# Point Cook Saturday morning 29th Sep



## Milt (Sep 2, 2005)

Any one keen to brave the elements at Point Cook???

20-30 knots NW and a few showers :shock: i could be convinced to give it a shot if its not too unpleasant.

Milt,


----------



## Garfish (Jun 2, 2006)

Have you seen 'The Perfect Storm'?


----------



## kingfisher111 (Jun 13, 2006)

Good luck Milt, hope you get amongst some Reds. I'm off to Bright for the weekend, no fishing gear allowed  Steve.


----------



## Milt (Sep 2, 2005)

Garfish said:


> Have you seen 'The Perfect Storm'?


LOL I was thinking the same thing, i won't be fishing alone thats for sure  tried that once 20-30 head wind on the return leg was not fun neither is battling the tides at the head paddling full speed but not going anywhere LOL

Milt,


----------



## Donutslayer (Jun 9, 2007)

I'll have a go, If theres nothing at cooks doing we can take the shortcut to mornington :-D
Should be OK, Winds have been fairly light this week up untill 7.30, 8.00. 
5am OK milt?


----------



## Milt (Sep 2, 2005)

Done,

Grab my number off Paul and give me a buzz hopefully the weather continues to be kind.

Cheers Milt,


----------



## Milt (Sep 2, 2005)

We'll be meeting up at 5AM if anyone else is keen, launching off campbels cove. I'll put a post up at 4 am if we cancel due to bad weather.

Milt,


----------



## Garfish (Jun 2, 2006)

it's amazing what snapper season does to people :shock:

go get em' fellas.


----------



## ScottLovig (Aug 7, 2006)

Hi Donut

Bring your surf board over here mate. The waves are lapping at the nature strip and there are crabs smashed on my front door. :shock:

I just finnished pegging in a few more guy ropes on the house. 

Cheers

Scott


----------



## Milt (Sep 2, 2005)

surfs up dudes and we aint a yakkin with 1.5 - 2.5m waves and 35knots winds with gusts of 55knots

maybe sunday????


----------



## Donutslayer (Jun 9, 2007)

Milt said:


> surfs up dudes and we aint a yakkin with 1.5 - 2.5m waves and 35knots winds with gusts of 55knots
> 
> maybe sunday????


mutters something unintelligible and goes to bed.


----------



## varp (Sep 12, 2005)

I'll be there Milt. Going to get my arse kicked, but I got snapper fever coursing though my veins and there's only one cure.
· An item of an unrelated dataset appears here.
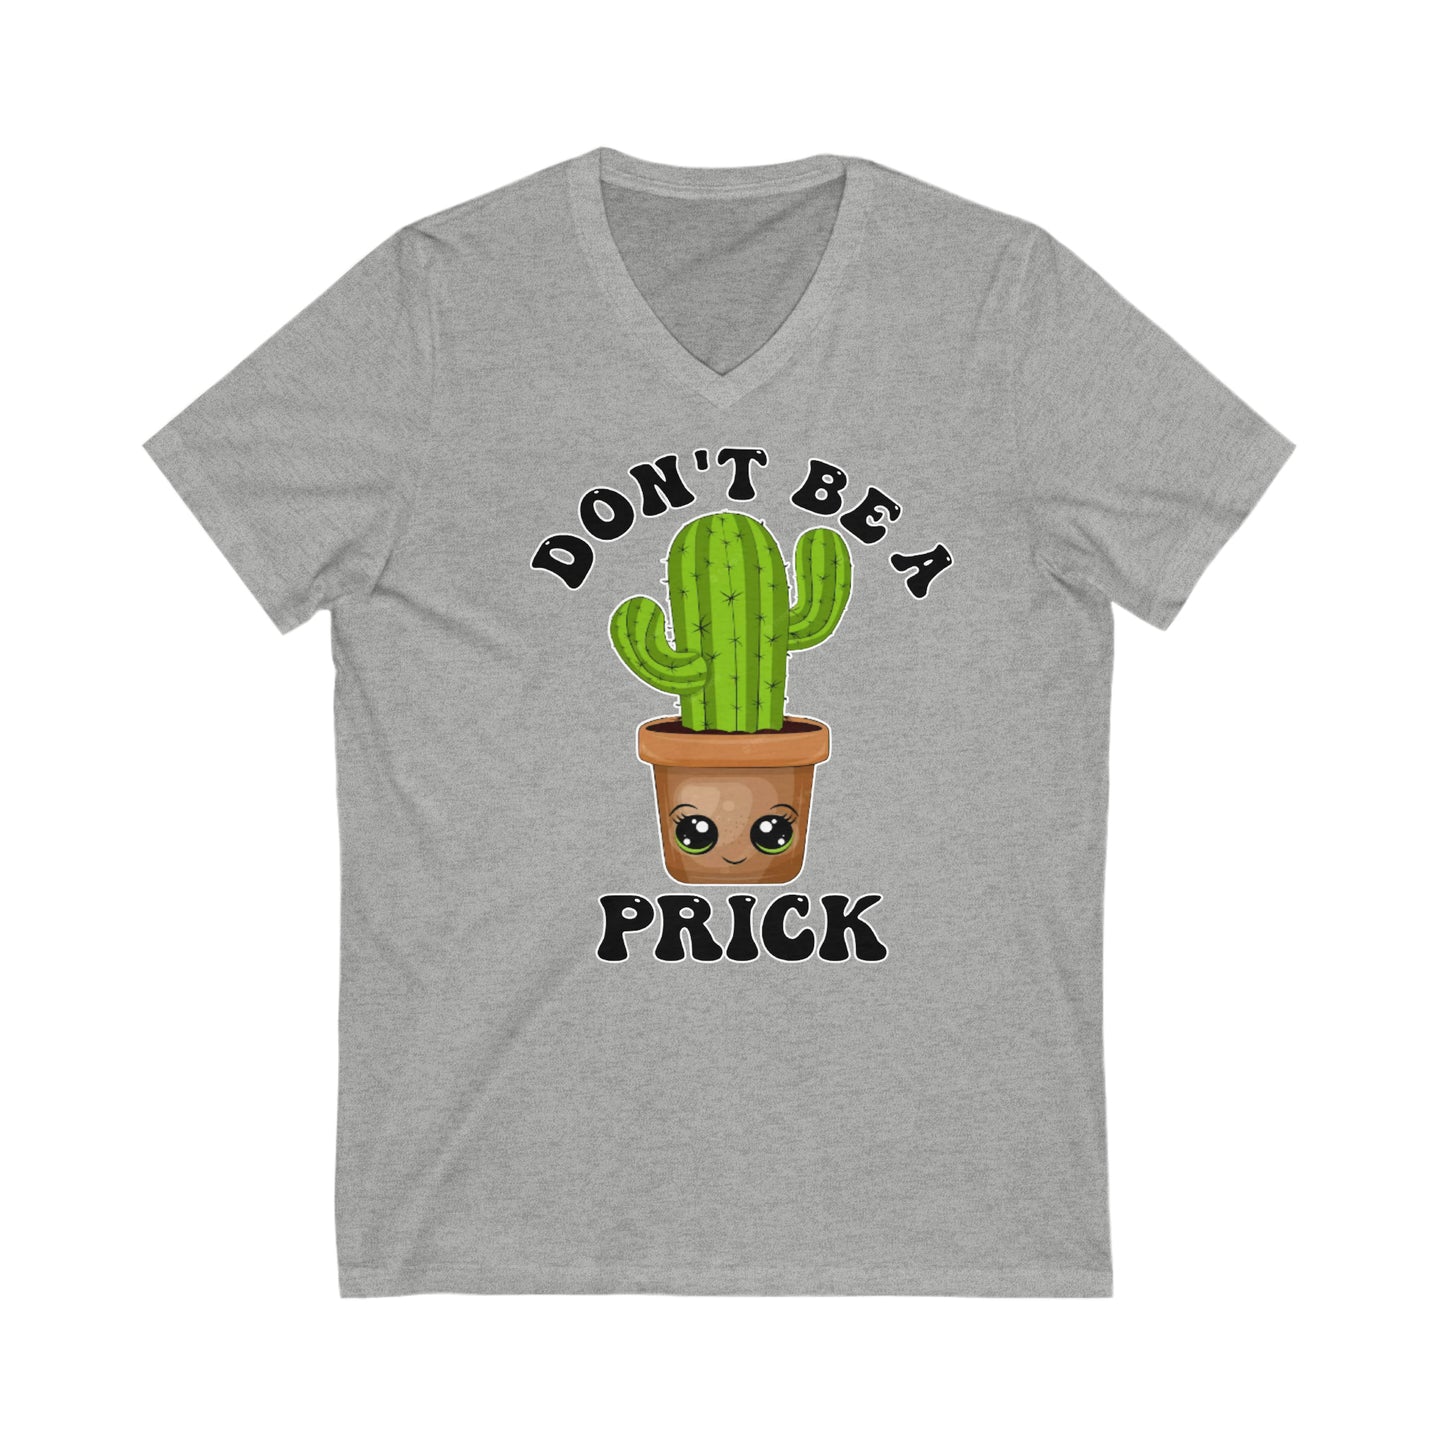 Don't Be A Prick: Unisex Jersey Short Sleeve V-Neck Tee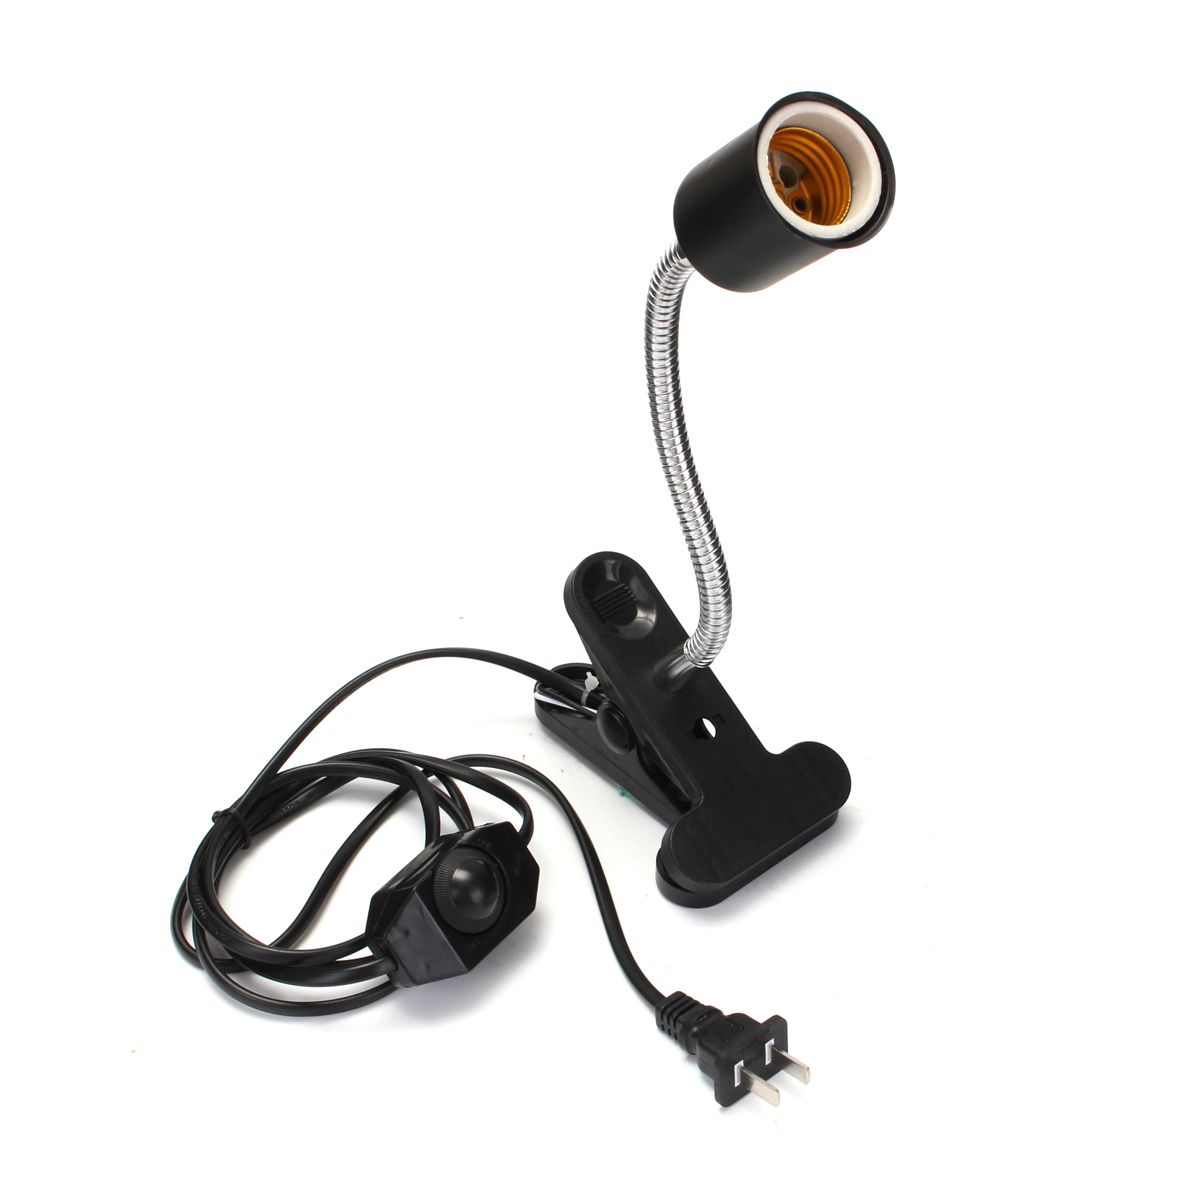 30CM-E27-Flexible-Pet-Heat-Light-Bulb-Adapter-Lamp-Holder-Socket-with-Clip-Dimming-Switch-1309671

Be very surprised if they're not on the chew after this blow.


----------



## PoddyMullet (Aug 29, 2005)

I'm down at my folks Mr Milt, but hoping to get a run in later in the week. Hope ya catch a string of fish!


----------



## Milt (Sep 2, 2005)

Cool Mr Varpy lets say we meet up 5am with clothes on at the nudy beach :lol: :lol: :lol: we launch and pull in a few snapp snapps. The friggen BOM needs to rehire it was only blowing around 15 -18 knots of straight westerly this morning. Tomorrow will be even better with a north westerly flattening out that end of the bay somewhat.

I've got half a kilo of salt pilchards I bought fresh and prepared my self for bait and burley cubes.

Catch you soon, all welcome of course.

Milt,


----------



## Donutslayer (Jun 9, 2007)

No ifs, buts or maybes. 
I was cut bad when i woke up this morning. Sunday it is.


----------



## Milt (Sep 2, 2005)

yes i felt a sharp pain too as i awoke at gently at 6am thinking WTF why aren't my roof tiles rattling with all these non existent gale force winds. Son's a bitches :lol: :lol: :lol:

Milt,


----------